Александр Мирер - Этика Михаила Булгакова
Это восьмистишье удивительно точно соответствует и реальности 30-х годов ХХ века; и трон был — прочный, как николаевский… Не менее точно оно описывает роль Воланда — насколько мы успели в ней разобраться. Еще деталь: в старых публикациях печаталось не «грозный суд», а «грозный судия». Воланд есть именно грозный судия, взявший на себя Божий суд, презирающий «звон злата», столь дорогой закулисным властителям булгаковской Москвы.
* * *
Мы пришли к ситуации, очень неприятной для аналитика. На предыдущих страницах было проявлено отношение Булгакова к сталинизму. Стала понятна цель, но остался вопрос о средствах. Признав компаньонов Воланда дьяволо-людьми, мы признали их право на собственную психологию. Их действия должны быть внутренне оправданы, и определением «сатира» здесь не обойтись. Ладно, демоны изображают хулиганов, передразнивая власть; но зачем они это делают? Хотят ее чему-то научить, эту власть? Вряд ли: хоровое пение в жалком «филиале» ничему не научит ЦК ВКП(б). И поджог Дома литераторов не изменит литературных дел, и участь Римского не отвадит других администраторов от служения дурной власти…
Если отвлечься от общей задачи Булгакова и рассматривать изолированный мирок романа, а в нем квазиобщественную деятельность чертей, то деятельность оказывается бессмысленной. Грозный судия показал себя один лишь раз, при суде над Берлиозом, а затем удалился в таинственное молчание (с этим мы должны будем разобраться непременно). А свита занялась деятельностью бессмысленной — но психологически объяснимой, ибо людям в высшей степени свойственны поступки, не имеющие внешней практической цели. Коровьев — человек, он носит человеческий титул: рыцарь. И он же — главный шут, заводила, регент Воландова маленького хора.
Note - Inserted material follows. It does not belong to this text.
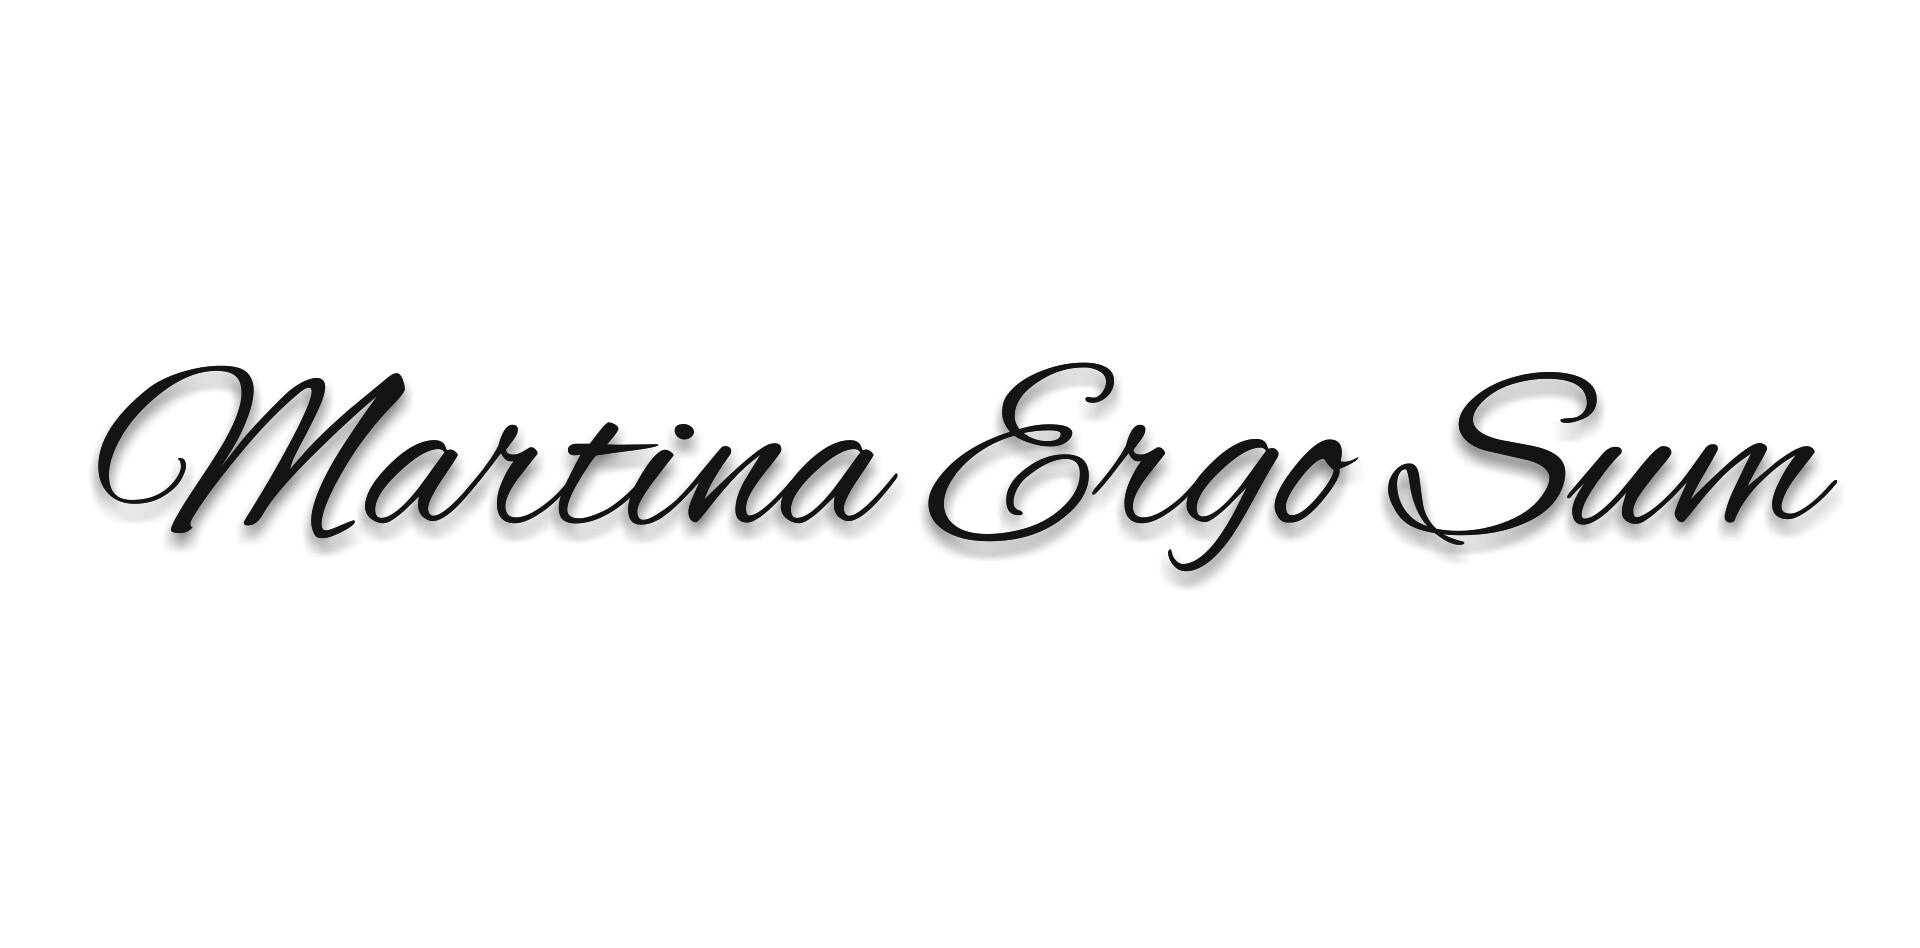 Martina Ergo Sum.
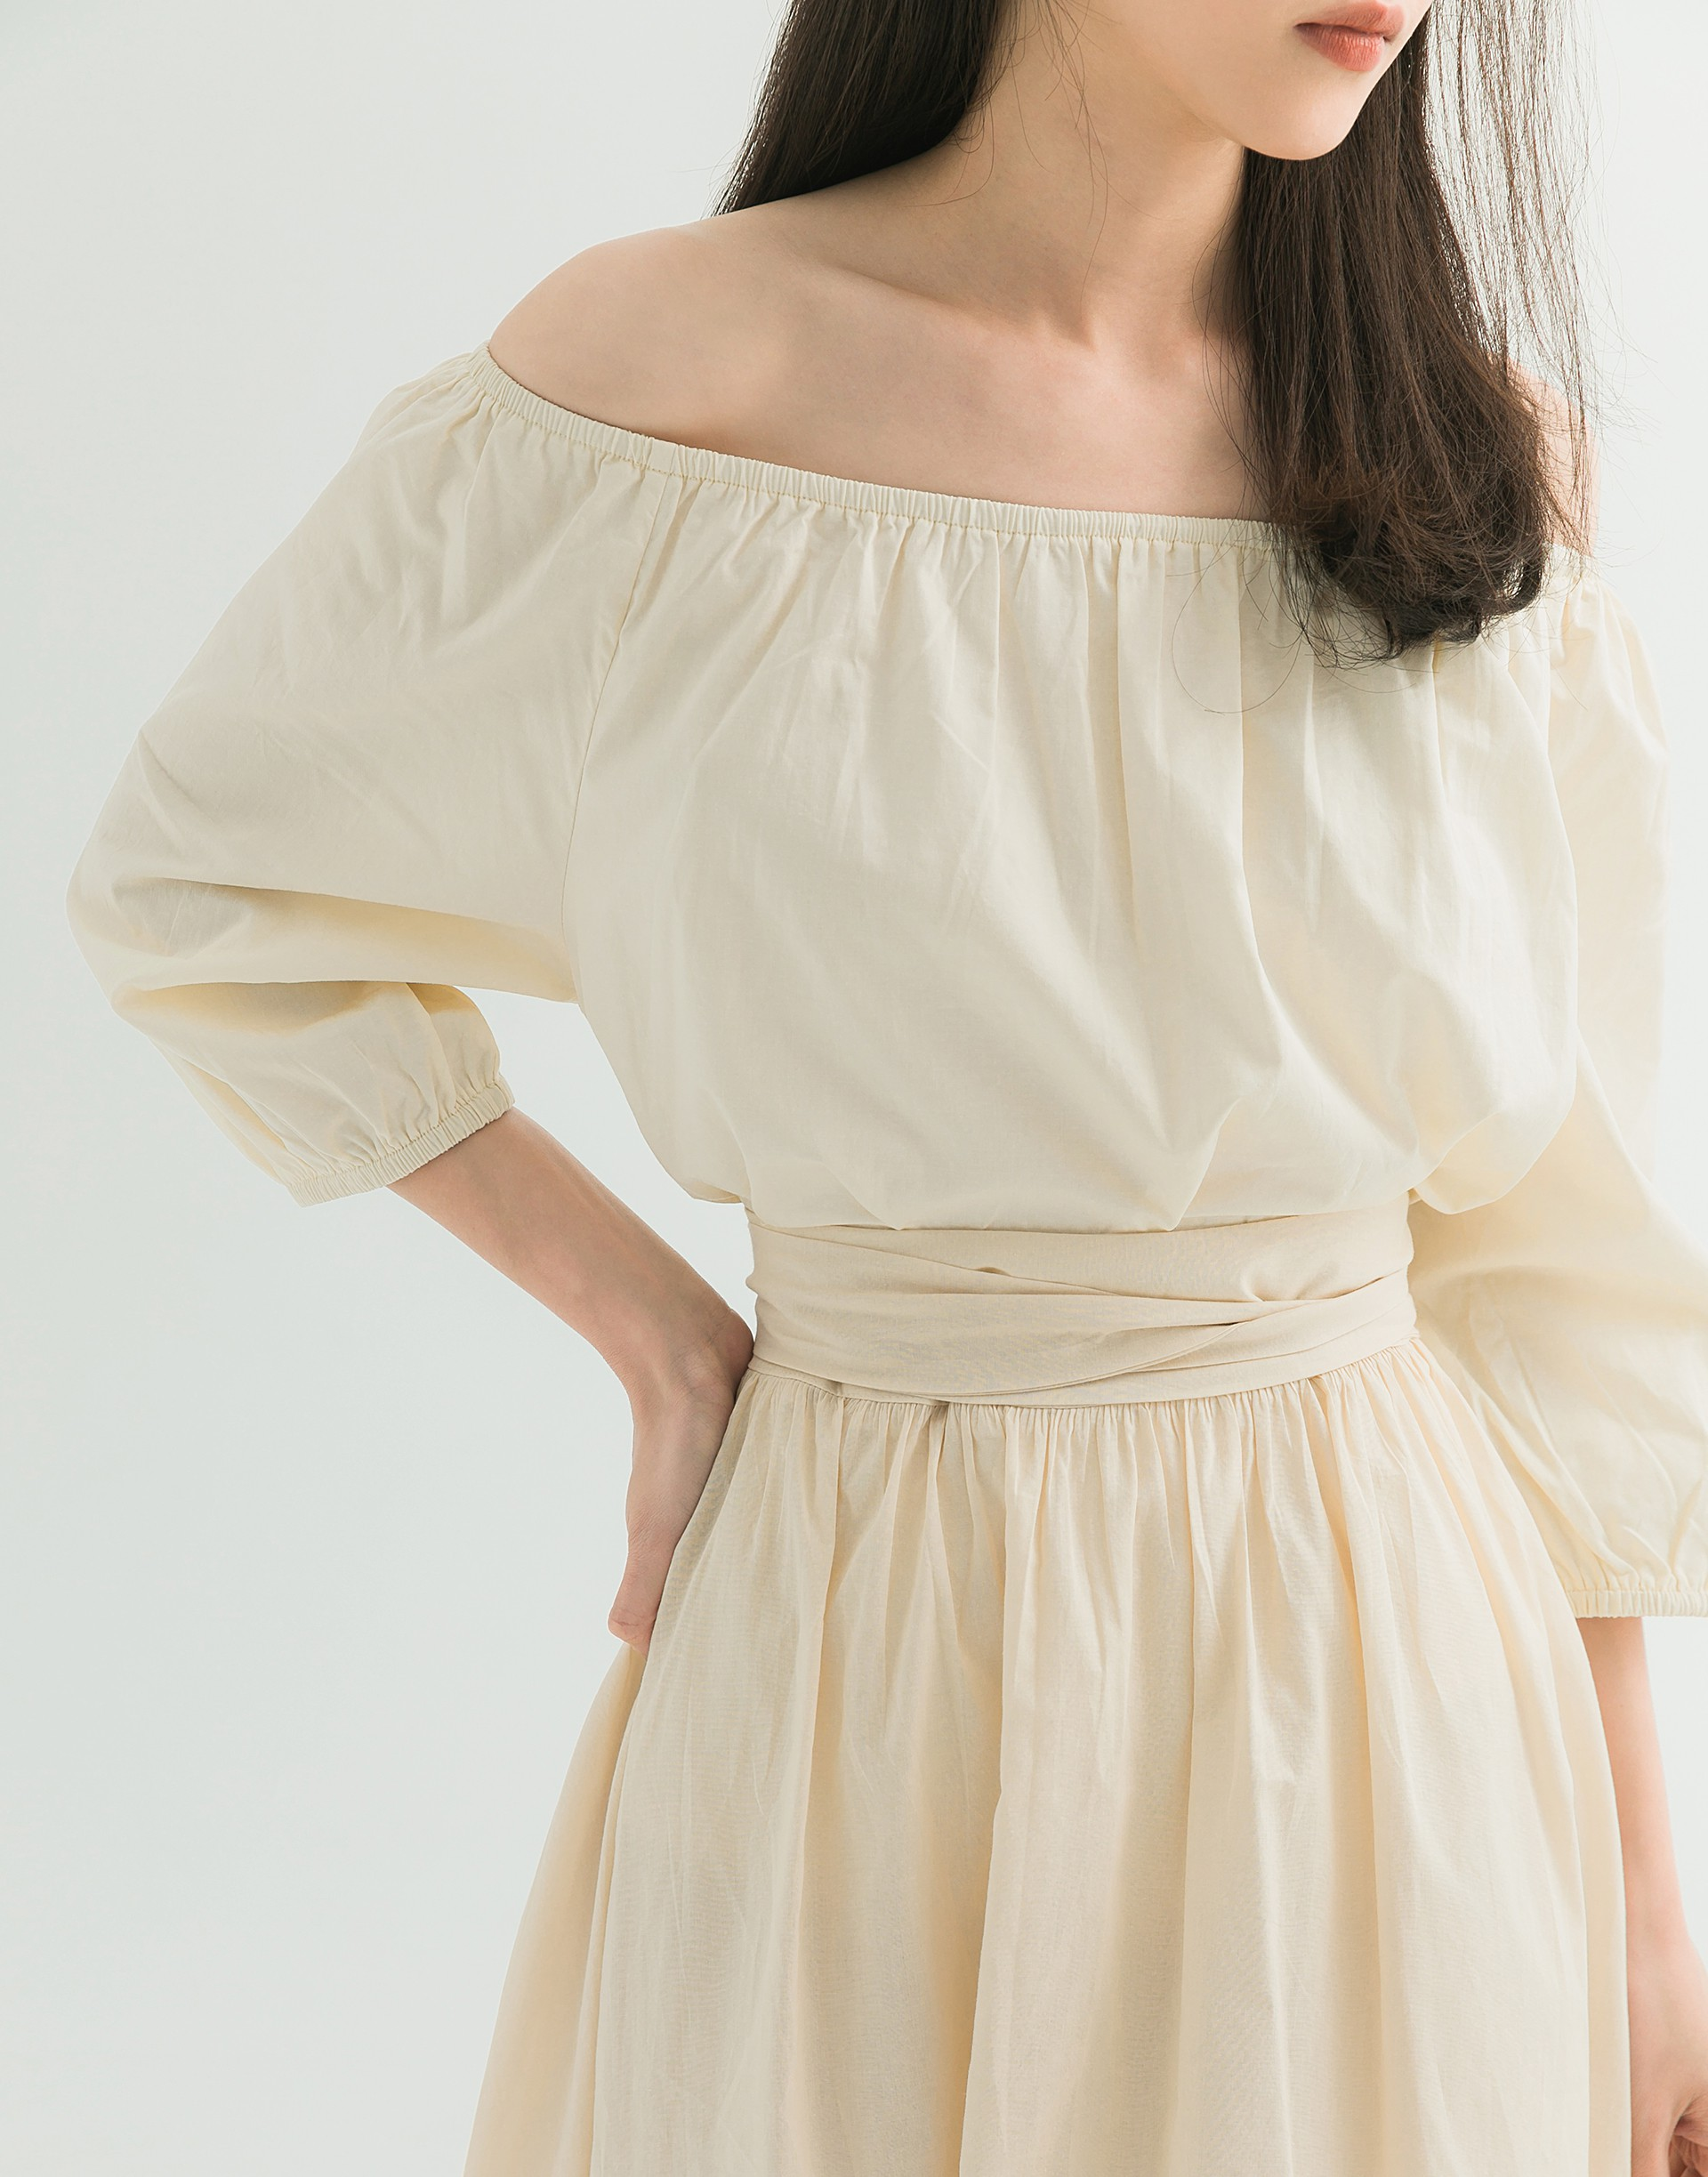 彈性:適中 舒適透氣的棉質料、領圍和袖口鬆緊設計、一字領寬度可自行調整

Так вот, не есть ли его глумливый хохот — человеческий смех бессилия? Не высмеивает ли он, как всякий шут, как сам Булгаков, то, чего изменить не в состоянии?
О Воланде говорится: «Всесилен! Всесилен!» — на деле же он очень далек от всемогущества… Казнить редактора, свести с ума поэта — такие номера земная власть проделывает постоянно. Отправить на курорт от беды подальше — сам человек может «с собой так устроить». Единственное невозможное, что Воланд творит, — устраивает Мастера и Маргариту в ином, загробном мире, не здесь, не на земле. Воланд и свита могут убить, поджечь, изглумиться, но повернуть всю земную жизнь не может никто.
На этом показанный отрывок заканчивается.